In November 1999, after Riley’s arrest and imprisonment, his attorney sent him a bill for the preparation and filing of a Motion to Reopen and Remand, including discussions of the motion with the INS. However, the Motion to Reopen and Remand is not in the record of the immigration proceedings. 3 While in prison, Riley communicated by letter with the immigration judge several times. On October 26, 1999, the immigration judge responded to Riley’s first inquiry and informed him, “[sjince the Board dismissed your case on the merits [in 1998], it has sole jurisdiction to consider any further action in the case, such as motions to reopen or remand.” (R. at 209.) The judge also advised Riley that the record indicated he was still represented by an attorney.

On April 6, 2000, Riley wrote the immigration judge to complain about his attorney’s failure to pursue the motion to suspend deportation and his failure to file the motion to reopen. On May 8, 2000, Riley again wrote to the immigration judge with a detailed list of complaints regarding his attorney’s performance. His letter clearly demonstrates his understanding that his case could not proceed without a successful motion to reopen. On May 19, the immigration judge responded that he had no authority to “reopen or reconsider the decisions previously made by in your case.” (R. at 149.) Riley penned several more letters to the judge regarding his options and continued to complain about his attorney’s representation. The judge responded:

Finally, in your letter dated June 8, 2000, you stated that you believe you are eligible to be considered for suspension of deportation and that the Immigration Court has jurisdiction to consider the application.
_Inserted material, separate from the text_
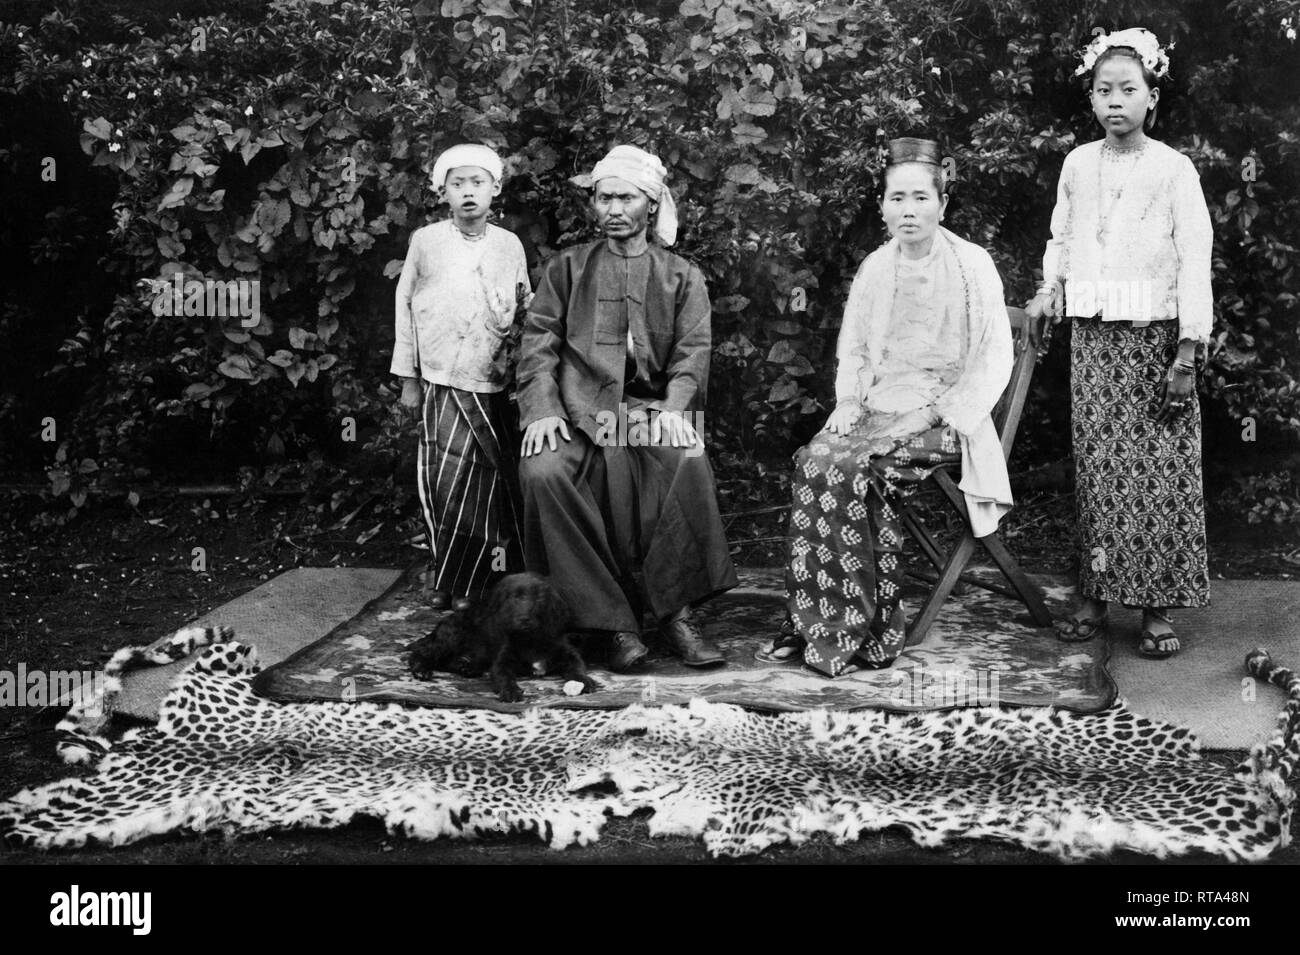 Pek Kong famille, Xi'an, Chine, Asie, 1910-20 Banque D'Images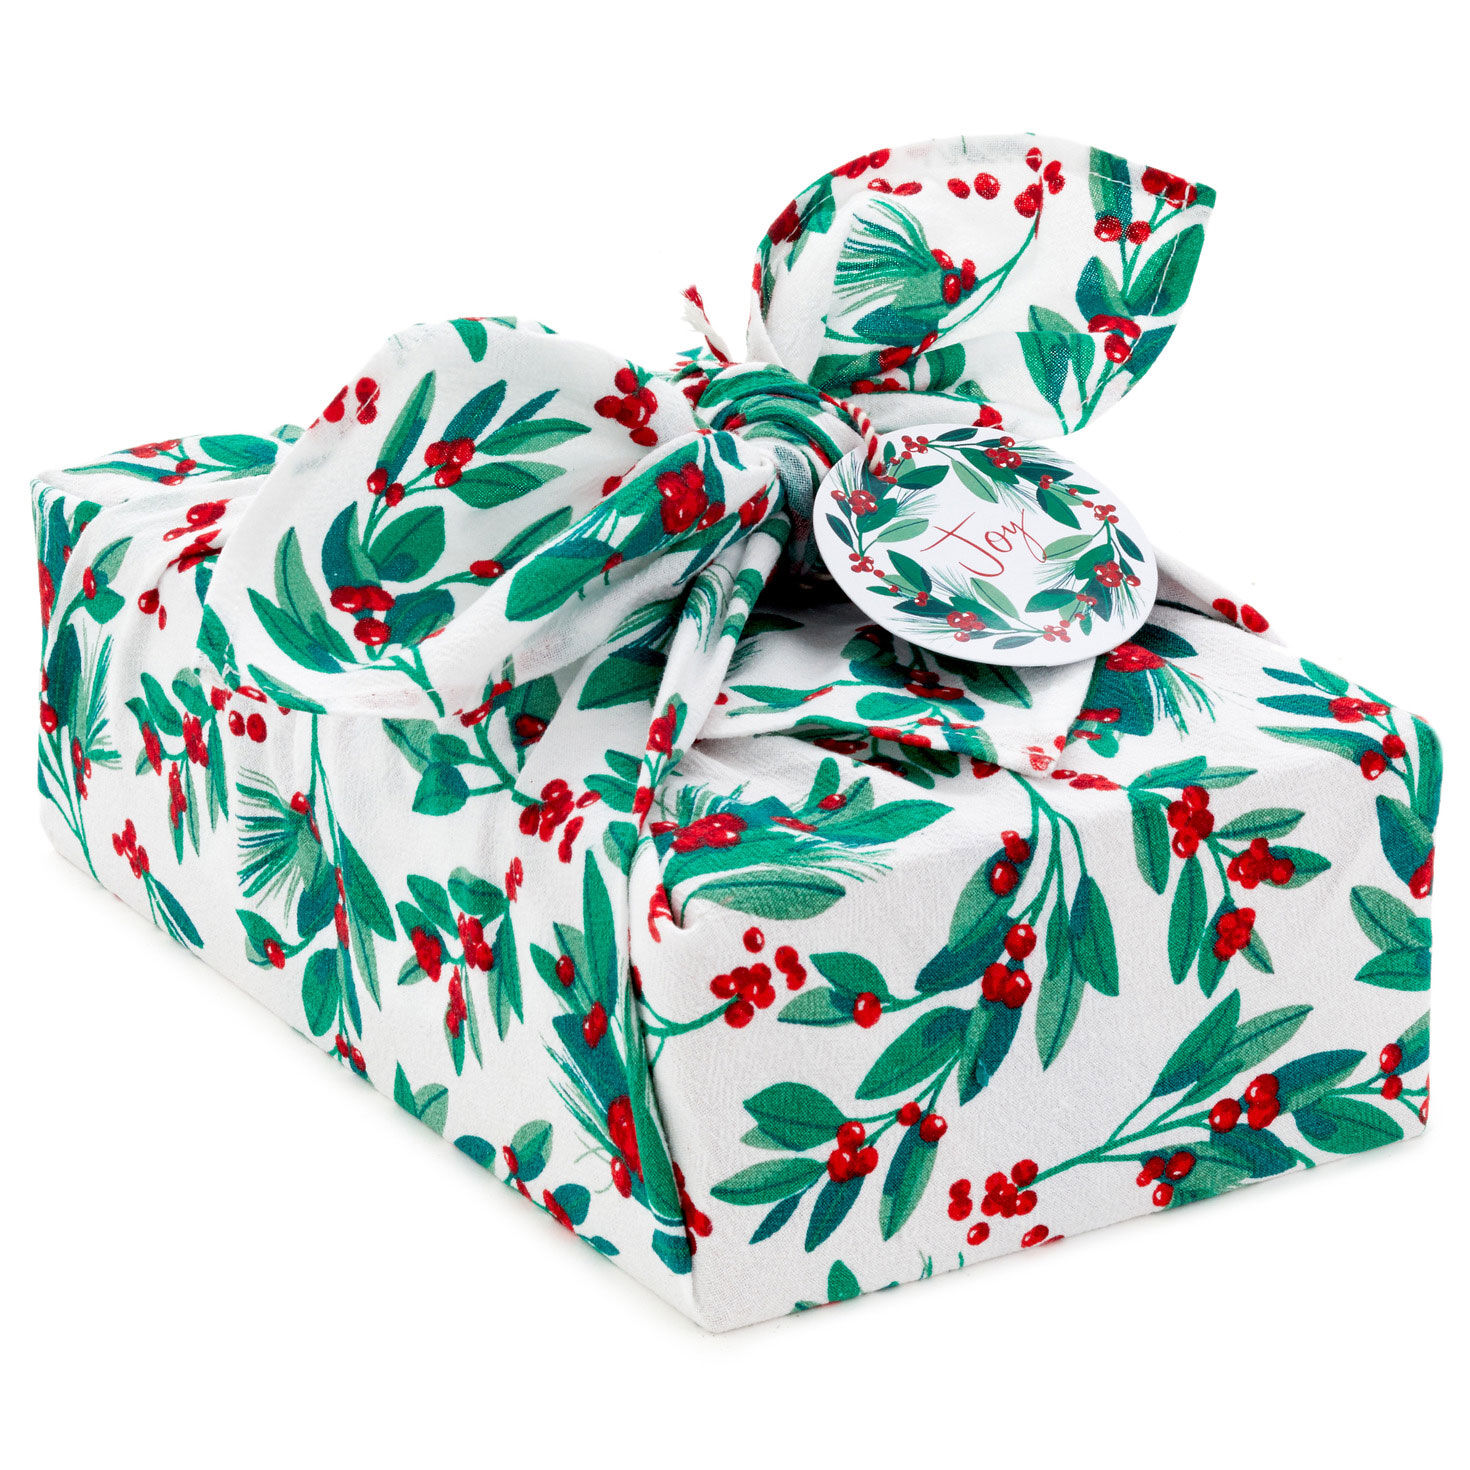 Hallmark White Tissue Paper, 100 Sheets for Christmas Gift Wrap, Holiday  Crafts and More

I would note that you are currently under a final order of deportation. Jurisdiction of your case lies with the Board of Immigration Appeals. If the Board reopens your case and remands it to this court, you would be given a new hearing. If you file an application for suspension with the court, it would be rejected for lack of jurisdiction.

(R. at 197.) 4 .

On August 8, 2000, Riley wrote to the INS’s attorney to request the INS join him in a motion to the Board to reopen his case and attached a draft motion. On October 6, 2000, and again on November 21, 2000, the INS declined to join his motion. During this time, Riley also communicated with another attorney regarding his displeasure with his former attorney and, in June 2000, filed an informal complaint against his former attorney with the Utah State Bar. In September 2000, he received the forms for filing a formal complaint but did not actually file his formal complaint until February 2002. In addition, on September 8, 2000, Riley filed a pro se petition for a writ of habeas corpus in the United States District Court for the District of Colorado. His petition for a writ of habeas corpus was denied on May 10, 2001, at which time Riley filed a pro se appeal with the Tenth Circuit. On August 23, 2001, we appointed counsel to assist Riley in his appeal.